Bedales certainly does this. The students don’t wear uniforms (these disappeared in the 1960s) and the teachers have gone by their first names since it caught on during a camping trip in the 1930s. They also don’t do normal GCSEs, and there’s no prefect system. Is Bedales the anti-public school?
Budge — or rather, Keith — isn’t sure. ‘Well, we’re an independent boarding school, so we have more in common with Marlborough or Eastbourne than we do with the maintained sector,’ he says.
But given that the Victorian visionary John Badley established Bedales in 1893 ‘in order to do things that his own school, Rugby, hadn’t been able to do’, there’s a suggestion that it might well be. Although Rugby had been reformed by Thomas Arnold, Badley’s school ‘mines into a different seam of British national life’, according to Keith. This is the Arts and Crafts Movement — ‘more progressive, with a sort of radical element to it, linking up with the start of Fabianism’. As such, he describes Bedales as ‘tolerant. Teenage communities are not naturally tolerant places … [In the Victorian] public-school context, individuality was deemed a problem. Here, individuality is encouraged institutionally.’ The dress code isn’t an excuse for a fashion show, however. ‘As it happens, people dress as boringly as I do, but that’s their choice.’
The school is also academically open-minded, with its own batch of examinations for pupils to take alongside the compulsory iGCSEs of English, maths, science and a foreign language. These, the Bedales Assessed Courses (BACs), were introduced in 2006, and cover 12 subjects, the more avant-garde among them being global awareness, classical music and outdoor work. They were designed, Keith says, ‘in order to cherish independent thought’. In other words: additional subjects taken at GCSE level shouldn’t be limited to geography and history.
It all sounds very ambitious. What did ‘the blob’ make of this? I ask, referring to Michael Gove’s term for the bureaucrats and academics whom he blamed for getting in the way of his shake-up of the education system. ‘The so-called blob was not a factor. Schools in the independent sector imagine that there are more constraints placed on them with the curriculum than there are.’
In fact the process was relatively straightforward. Having devised the outline of a plan, he consulted with universities to find out whether they would be open to taking students with these new qualifications. When they said that it would not affect applicants’ chances either way, he ‘pressed a button’.
Keith himself attended Rossall School in Lancashire before reading English at University College, Oxford.

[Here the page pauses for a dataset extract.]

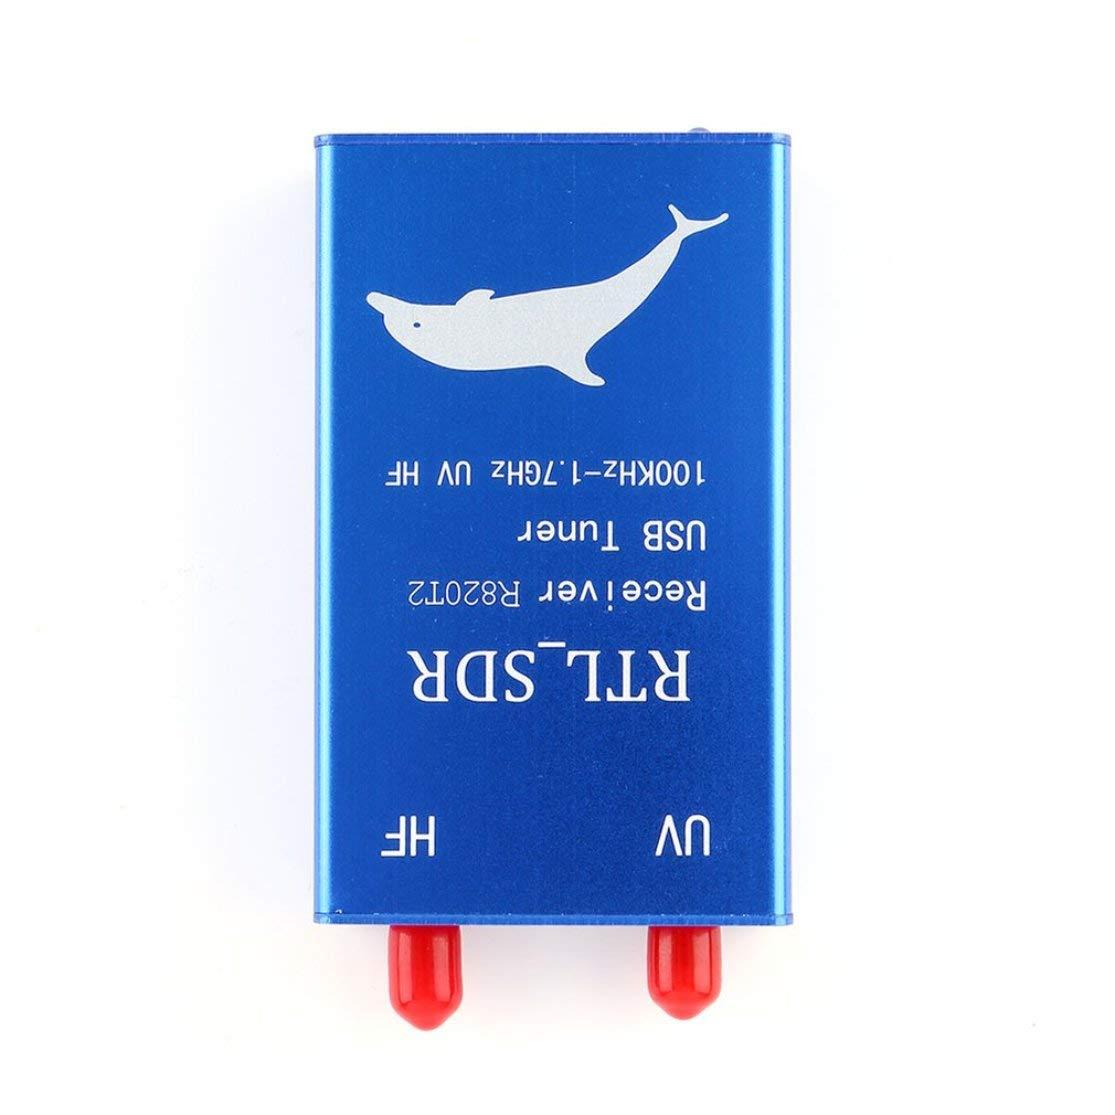 LouiseEvel215 Sintonizador USB Receptor RTL2832U Radio R820T2 100KHz-1.7GHz UHF VHF UV UV HF RTL SDR CW DSB LSB Radio Am FM Trabajar con PC

Before Bedales, he taught at Eastbourne College, Marlborough and then Loretto, where he introduced coeducation. Uniform aside, what’s the difference between Bedales and these schools? ‘The traditional public schools are more explicitly structured. Bedales is carefully structured, but the purpose of the structure is to keep the structure hidden, and to give the students a sense that they live uncluttered lives.’ The school is also light on ritual and hierarchy. Unlike at some public schools, which require a handbook to be able to understand the jargon, Keith says that there’s nothing of the sort at Bedales. ‘The tendency of school hierarchies [is] to operate to keep people in their place. Very little of that happens here.’

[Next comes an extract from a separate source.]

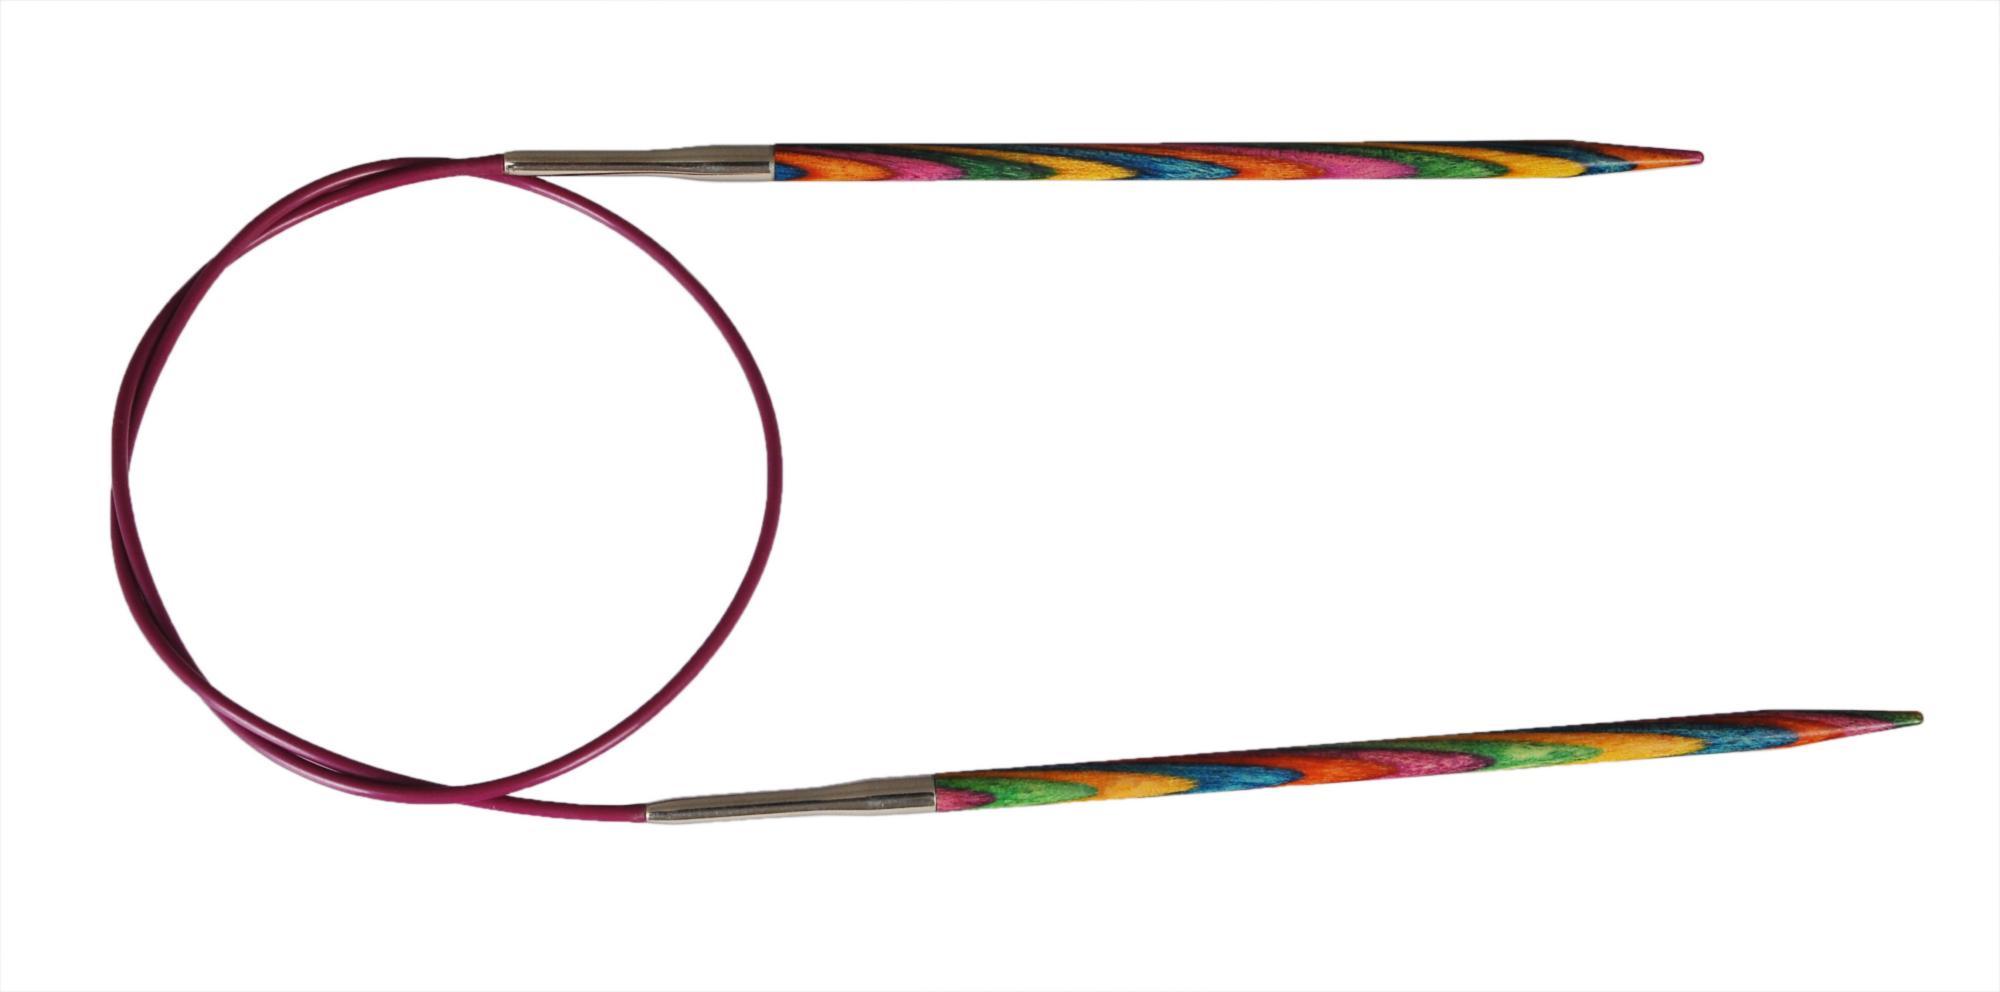 Спицы круговые 100 см Symfonie Wood KnitPro, 20361, 2.00 мм

Talking of level playing fields, Keith says the idea put forward by Conservative politician Matthew Hancock to make employers find out where job applicants were educated was ‘a classic bit of gesture politics. It doesn’t mean anything, does it?’ With parents paying £33,000 a year to send their children to board at Bedales, he must be diplomatic. ‘What’s important is that young people applying for jobs are judged on their merits, not on any sort of assumptions.’

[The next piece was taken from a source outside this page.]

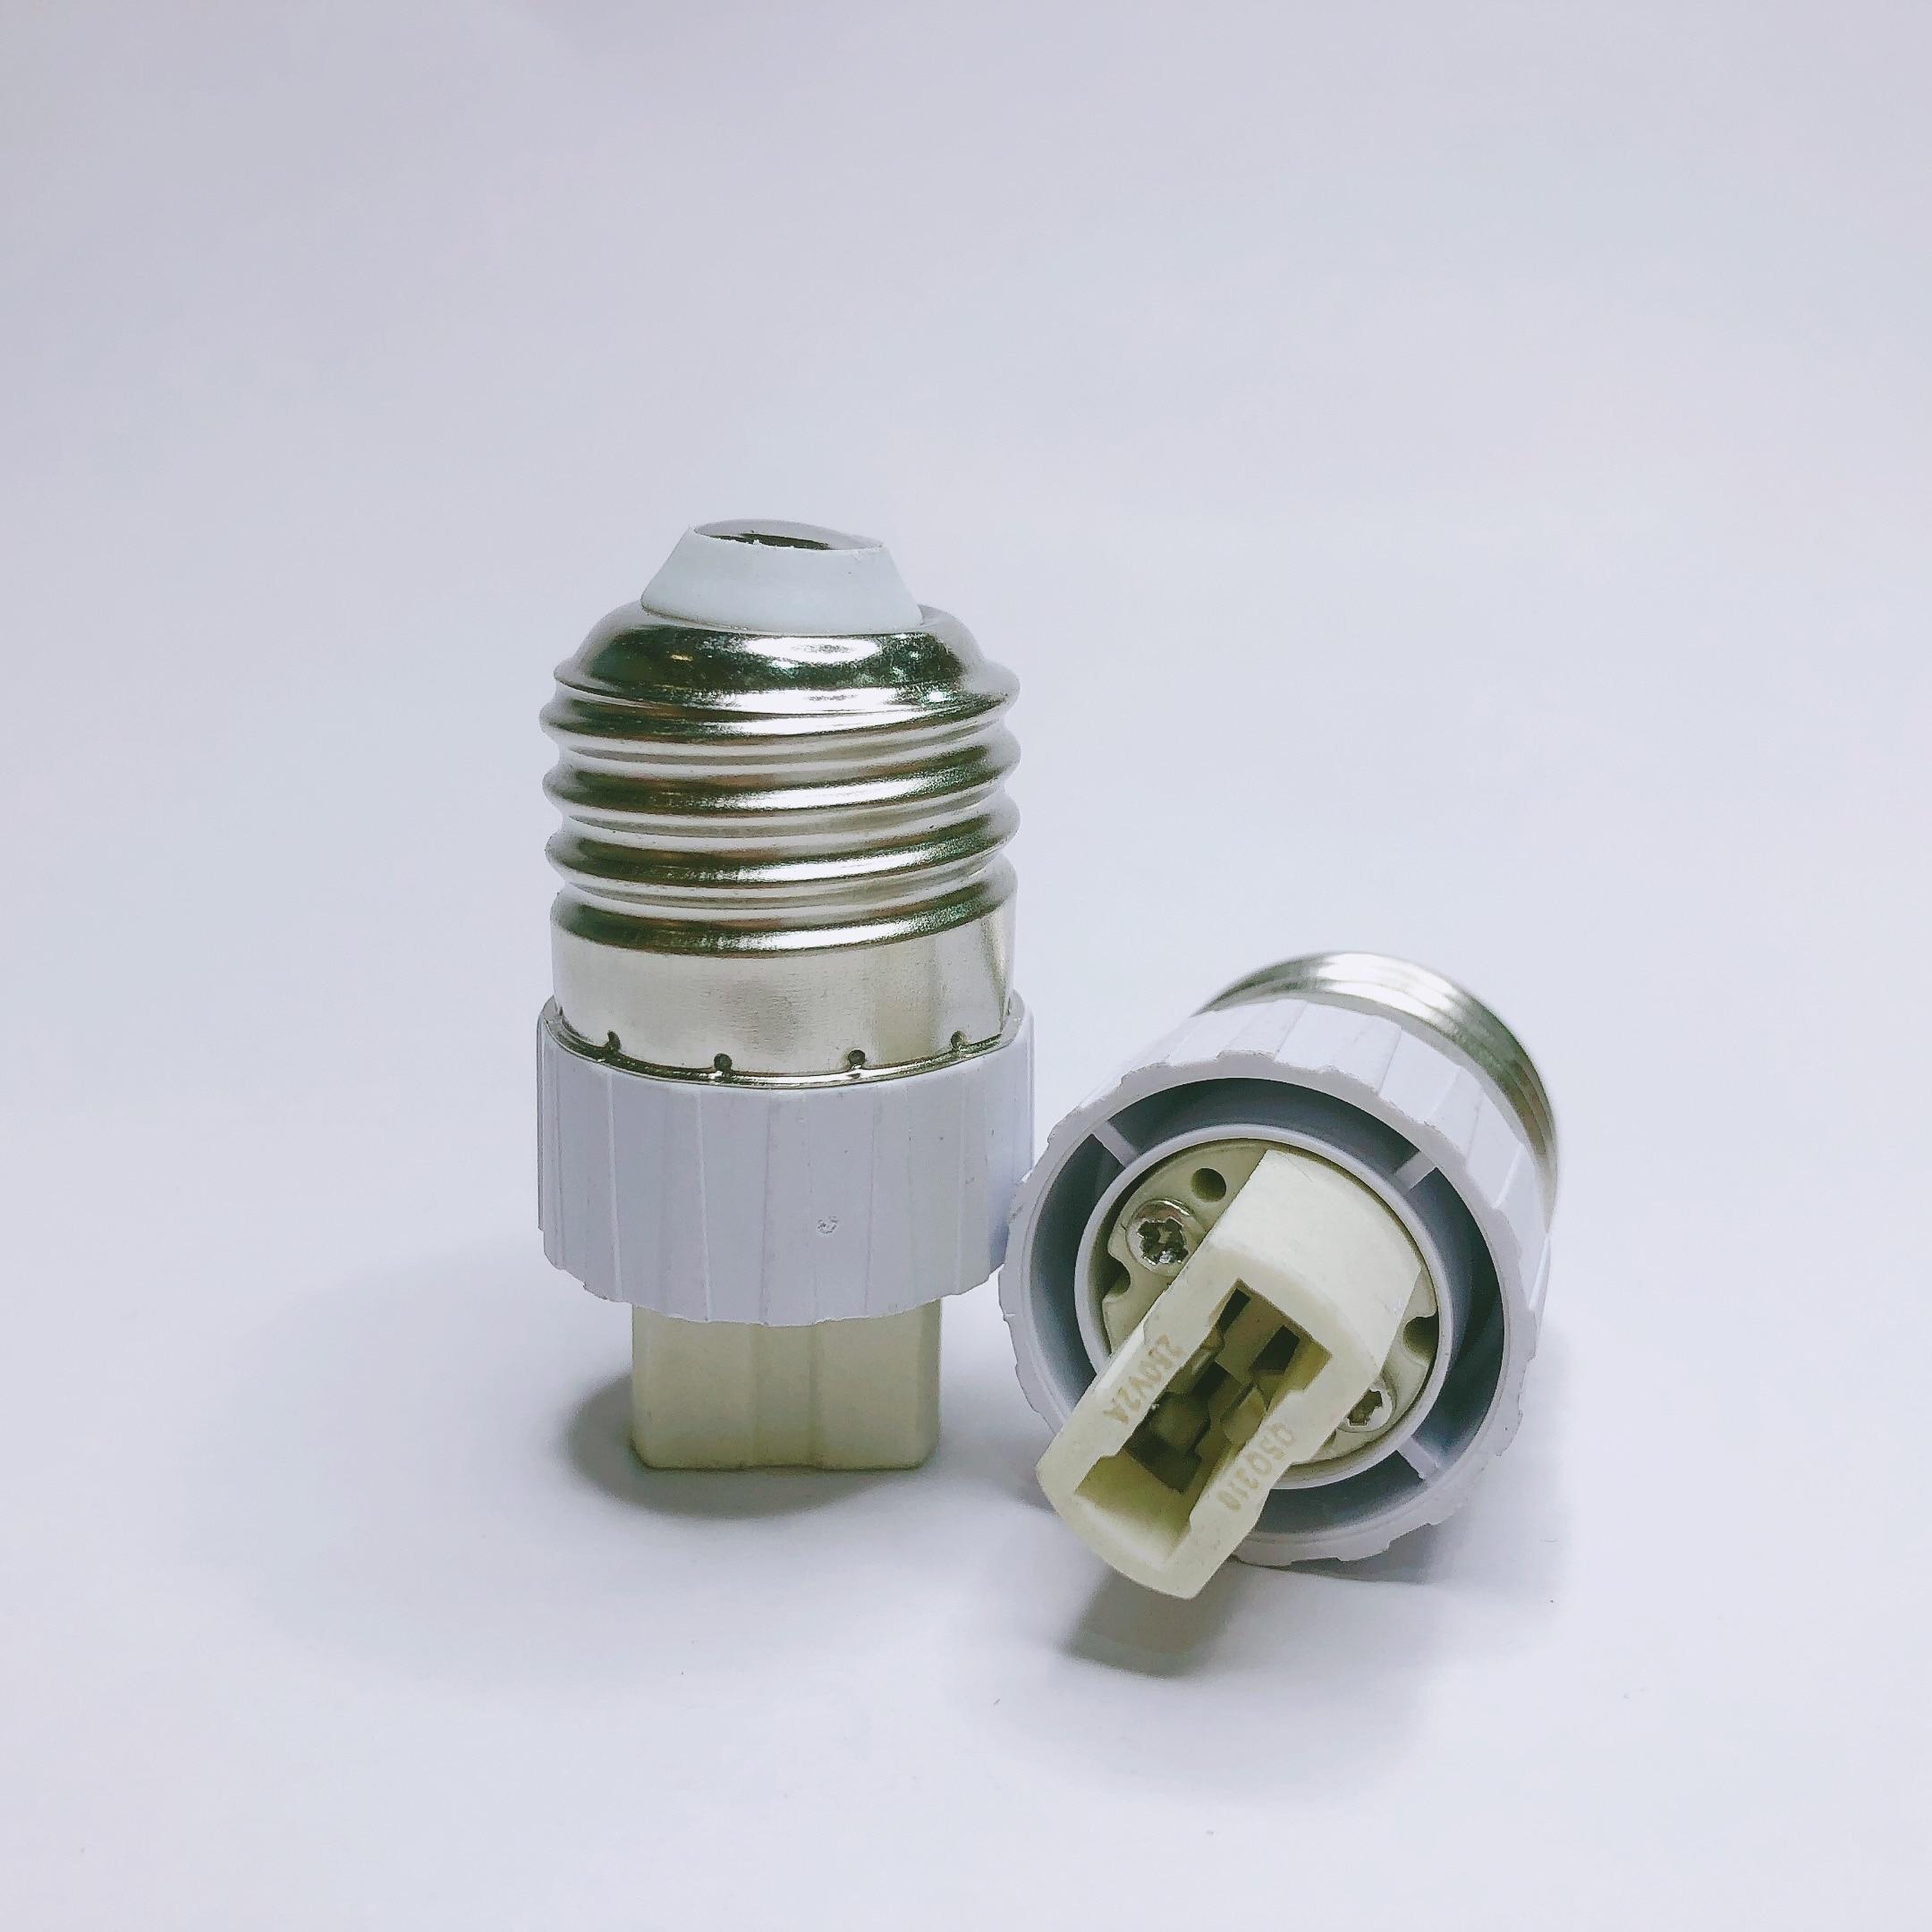 1x Fireproof Material E27 To G9 Lamp Holder Converter Socket Conversion Light Bulb Base Type Adapter

Bryanston is often seen as Bedales’ closest rival, he says. Yet he contends that the latter is a ‘conviction-led’ school, like the highly academic Winchester College, Eton and Ampleforth. ‘They’re all highly distinctive schools with very strong “brands”. It’s to do with the clarity of vision, and an adherence to that vision.’ If there’s one way to describe Bedales, it is highly distinctive.